# Work required:
Once "El español Thierno" turns up in a line below, reproduce that line and those after it exactly, stopping after the line with "Укороченные брюки с"; leave pictures out.

# Information given:
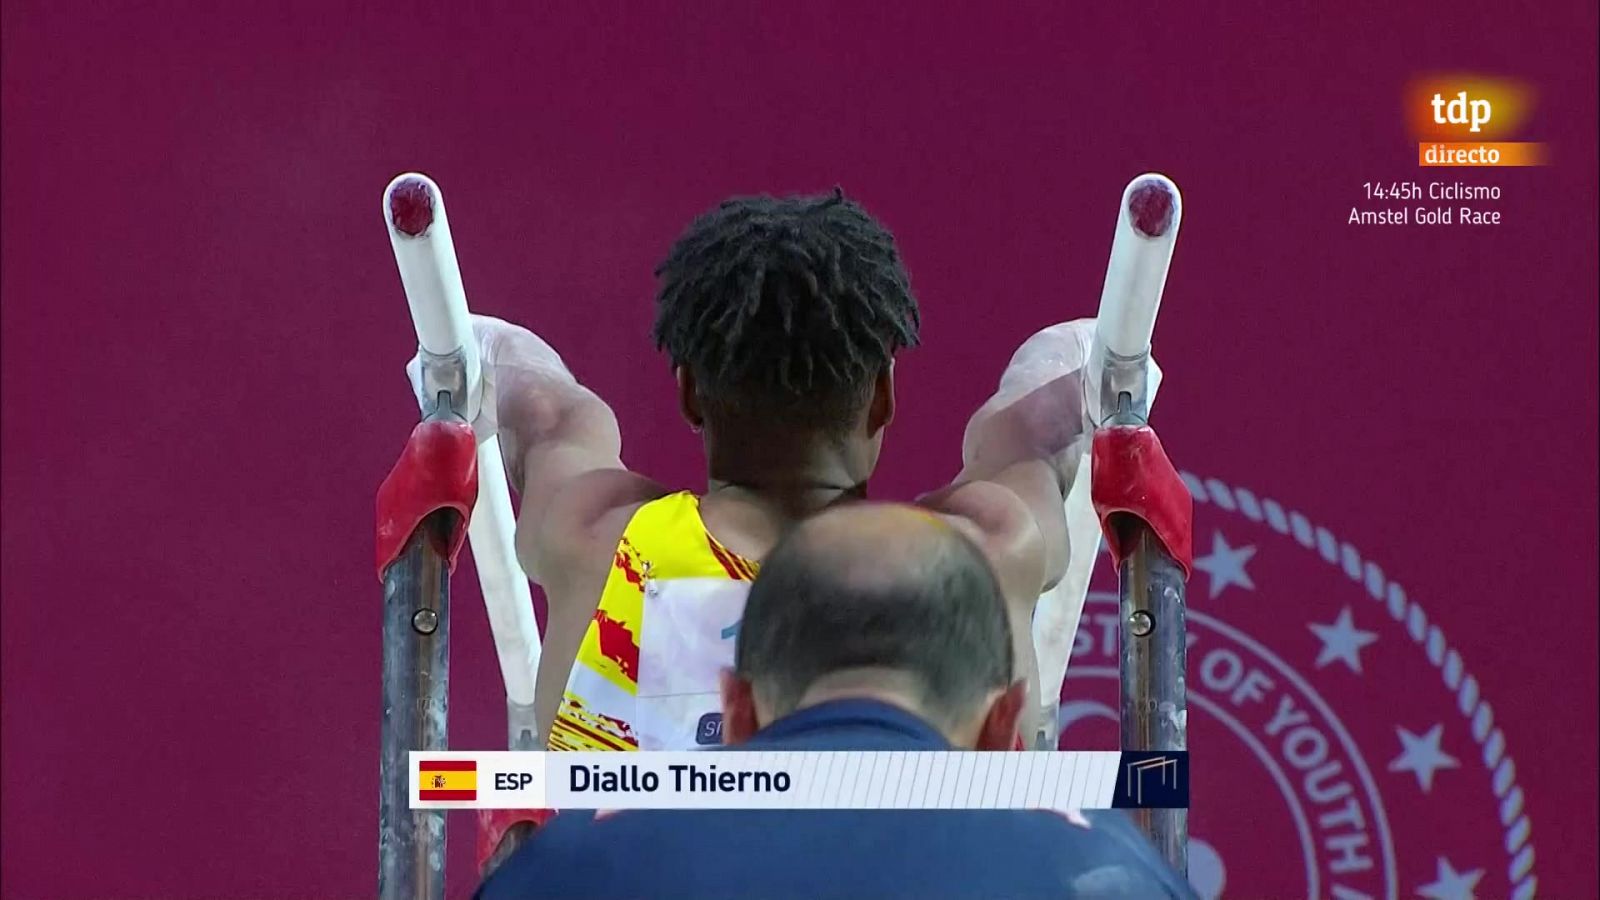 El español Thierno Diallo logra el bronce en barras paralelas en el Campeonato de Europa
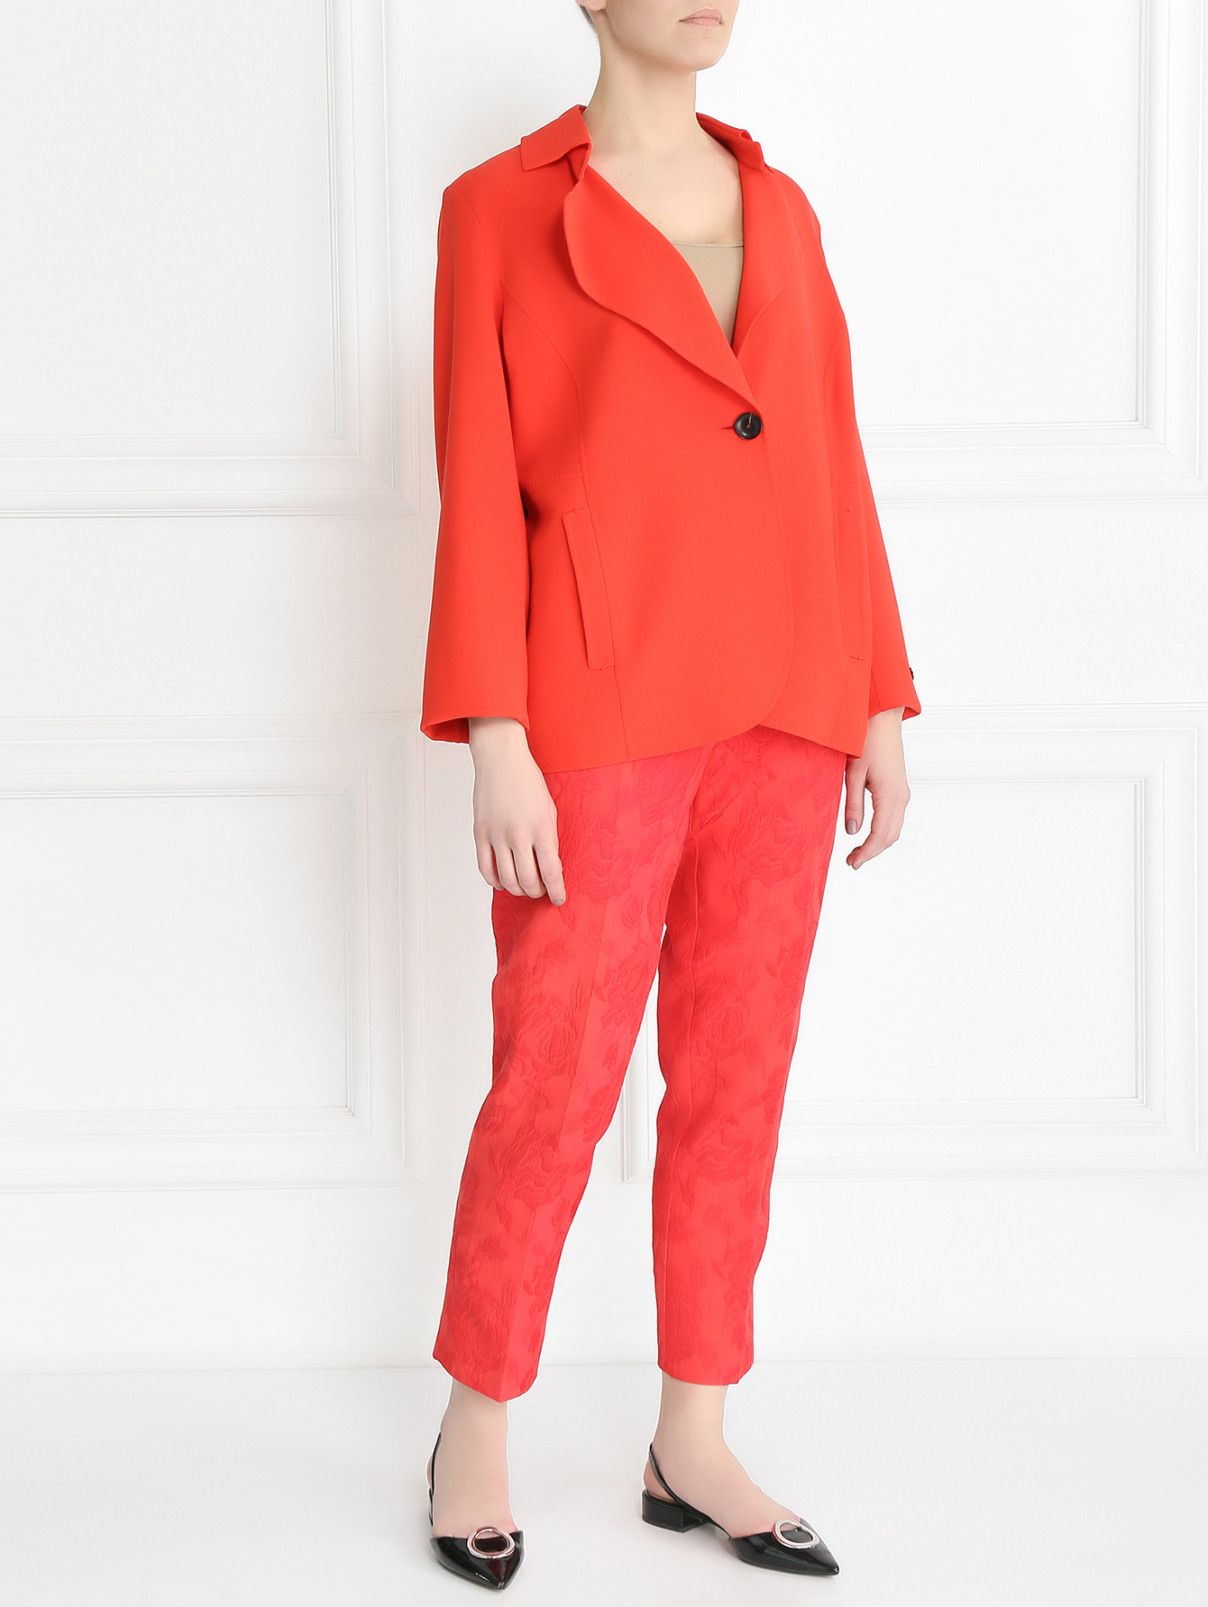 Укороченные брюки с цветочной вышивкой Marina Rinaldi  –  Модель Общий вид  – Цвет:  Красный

==

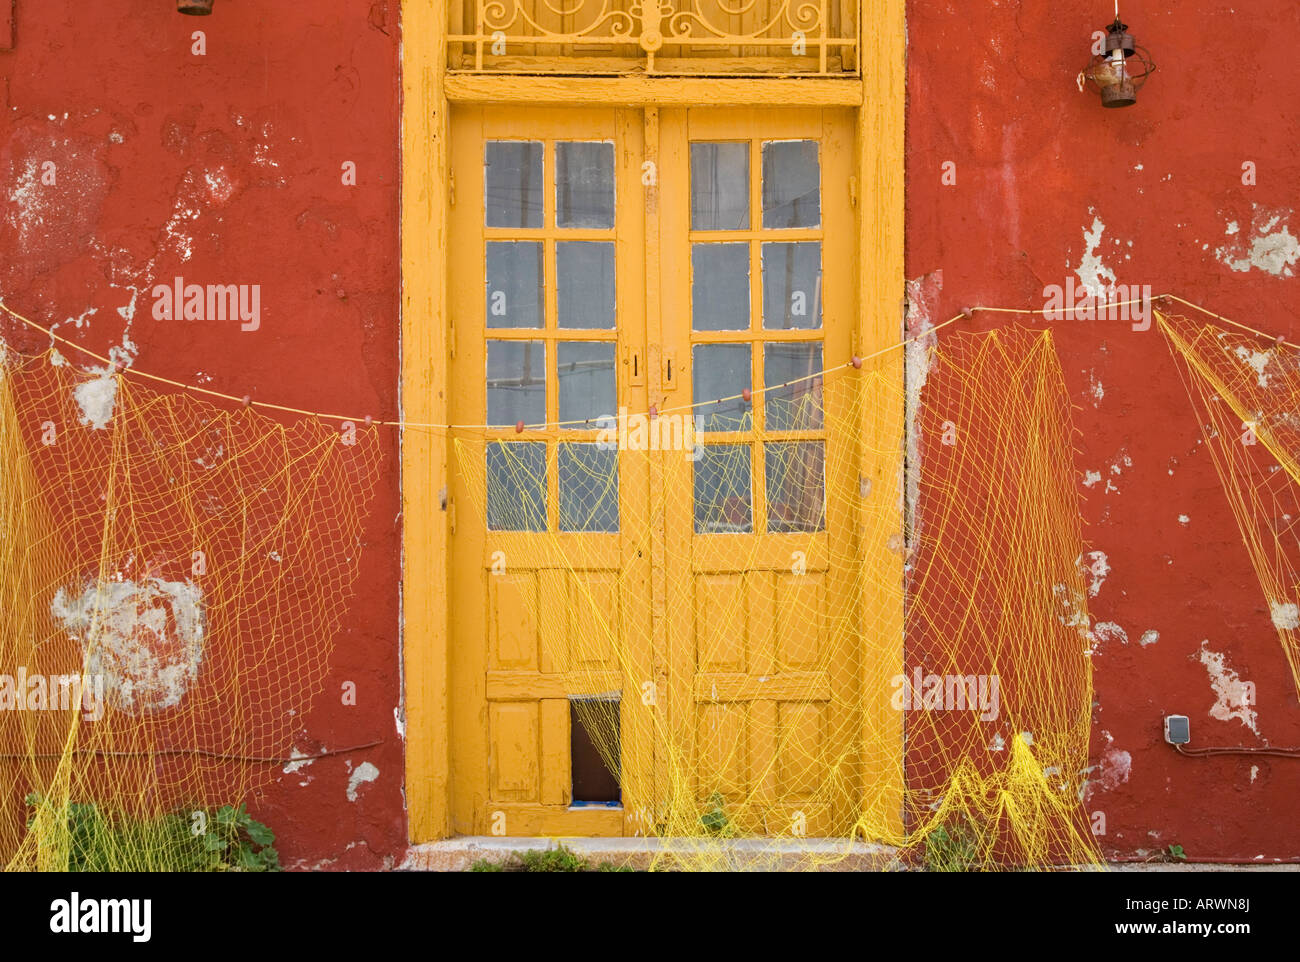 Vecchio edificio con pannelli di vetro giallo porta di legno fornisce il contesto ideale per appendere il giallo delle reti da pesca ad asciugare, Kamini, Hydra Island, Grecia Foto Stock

* * *

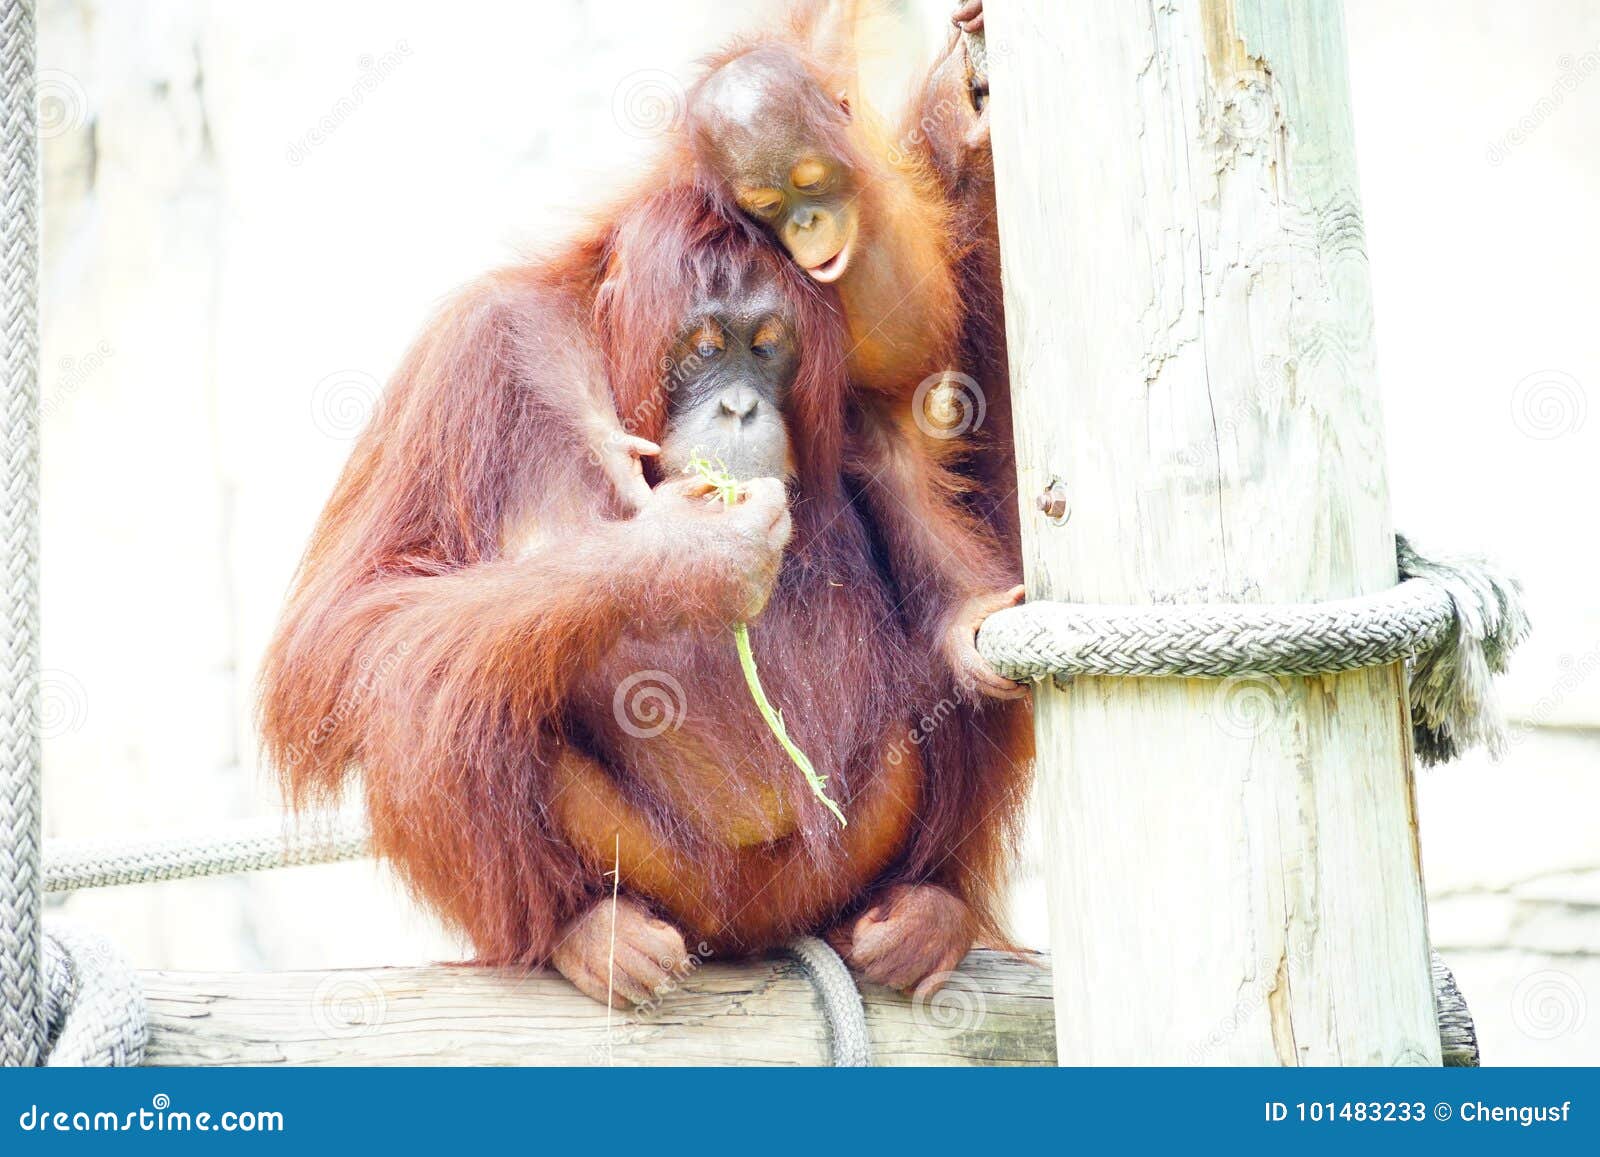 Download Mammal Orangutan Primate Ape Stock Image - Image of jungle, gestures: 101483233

# Exercise result:
 El español Thierno Diallo logra el bronce en barras paralelas en el Campeonato de Europa
 Укороченные брюки с цветочной вышивкой Marina Rinaldi  –  Модель Общий вид  – Цвет:  Красный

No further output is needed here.